The Week in Business: From Facebook to Meta

Summer

Last week, more than a dozen news organizations published reports based on a trove of Facebook’s internal documents leaked by a former product manager. The documents detail what Facebook knew about its role in radicalizing users, employees’ questions about the impact of its core features, and its struggles to curb dangerous content internationally. The former Facebook employee-turned-whistle-blower, Frances Haugen, has appeared on “60 Minutes,” in front of Congress, and — this past week — in Britain’s Parliament to argue that the company puts profits before people. (Facebook has said that it has millions of documents that counter those shared by Ms. Haugen). Whistle-blowers have filed at least nine complaints against Facebook with the Securities and Exchange Commission based on internal documents. On Thursday, Facebook changed its name to Meta.

Tesla reached a $1 trillion market valuation last week, a milestone that has only been passed by five other companies: Apple, Microsoft, Amazon, Facebook and Alphabet. The spike in Tesla’s share price was propelled by an announcement from Hertz that it would convert more than 20 percent of its rental fleet to Tesla’s electric cars by the end of next year. The car-rental company said it would buy 100,000 Teslas, a purchase that Bloomberg reported would generate about $4.2 billion of revenue. Tesla’s market capitalization is greater than those of General Motors, Toyota, Ford, Volkswagen, BMW, Honda and several other automakers combined.

Both companies and shoppers are noticing the impact of high inflation, driven in part by supply chain shortages. Prices of meat, poultry, fish and eggs in U.S. cities are up 15 percent since the start of 2020. And General Electric, Sherwin-Williams and Hasbro all noted that rising prices were affecting their businesses on calls with investors last week. One measure of inflation released on Friday, the Personal Consumption Expenditures price index, showed prices in the United States were rising at the fastest rate in three decades in September, while another measure showed the highest ever rate of inflation in the eurozone in October. Signals from the bond market suggest that rising inflation could last longer than the temporary bump in prices that many policymakers had expected because of the pandemic.
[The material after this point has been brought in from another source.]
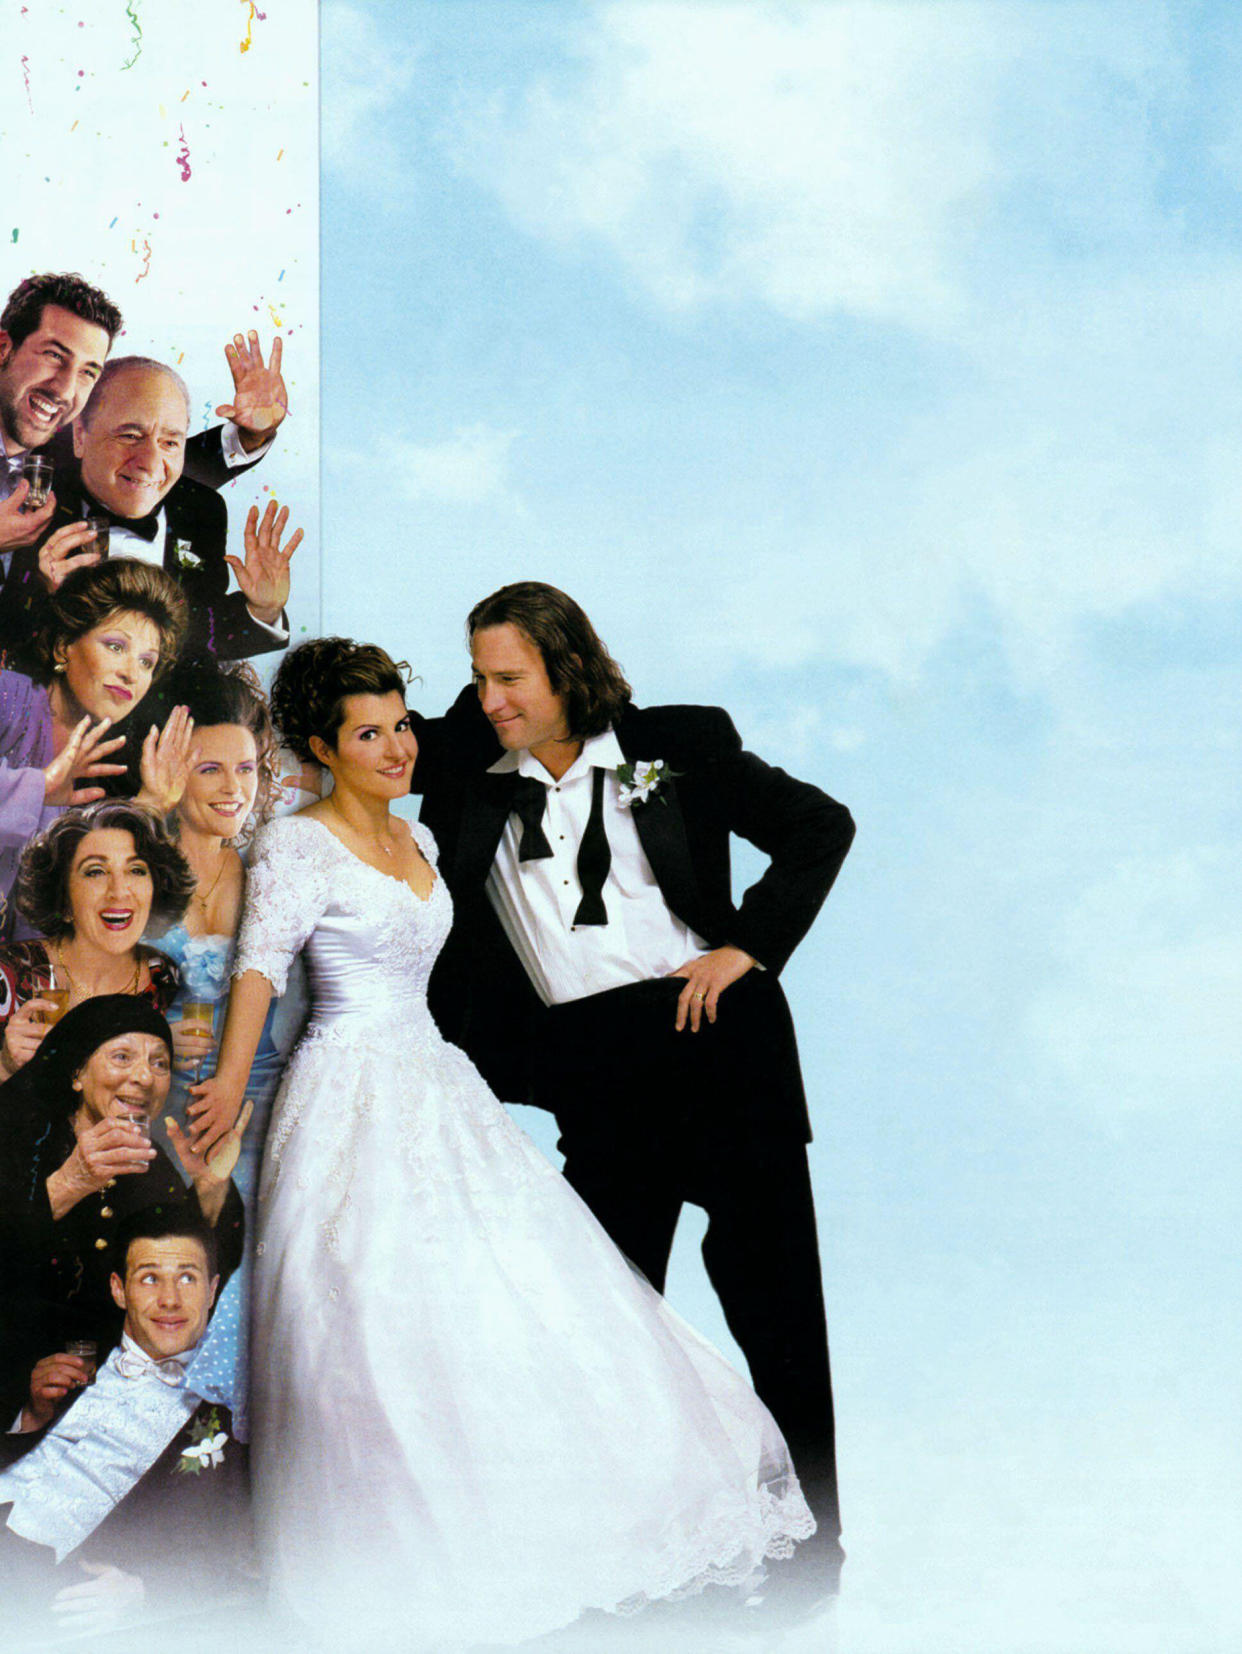 NIA VARDALOS, JOHN CORBETT, MY BIG FAT GREEK WEDDING, 2002 (Cinematic Collection  / Alamy Stock Photo)

Federal Reserve officials will gather this week, and the two-day meeting is a big one. The central bank is expected to announce that it will begin winding down the bond-buying efforts it put in place to support the economy during the pandemic. The Fed has been signaling for months that it planned to begin tapering its bond purchases in November. But it is not expected to raise interest rates until at least the middle of next year.

On Friday, the Labor Department will report how many jobs were filled in October. Job growth slowed to the weakest pace of the year in September as consumers and businesses reacted to a spike in coronavirus cases. But hospitalizations and deaths linked to the coronavirus fell in October, so economists expect job growth to have accelerated. Still, labor shortages and low labor force participation may have continued to hamper the recovery. In September, fewer Americans were seeking work than before the pandemic, even as expanded unemployment insurance benefits expired early in the month. At the same time, with so many jobs unfilled, a record number of workers quit their jobs in August, data released earlier this month showed.

The Supreme Court has two highly anticipated cases on its schedule this week. On Monday, the Supreme Court will hear arguments in two separate challenges to the Texas law that bans most abortions after six weeks of pregnancy. Both challengers said the law is at odds with Roe v. Wade, which prohibits states from banning abortions before fetal viability, or around 23 weeks. Dozens of companies, including the ride-hailing company Lyft and the cloud-storage company Box, publicly opposed the law in September, when it went into effect. On Wednesday, the court will hear its first major Second Amendment gun case in more than a decade. The case involves a longstanding New York law that imposes strict limits on carrying guns outside the home.

PayPal killed its Pinterest deal. Democrats are struggling to reach an agreement on their spending deal. Millennials are struggling to manage their Gen Z workers. And if the Centers for Disease Control and Prevention signs off on giving Pfizer-BioNTech’s coronavirus vaccine to children 5 to 11, as expected, children could start getting shots as early as Wednesday.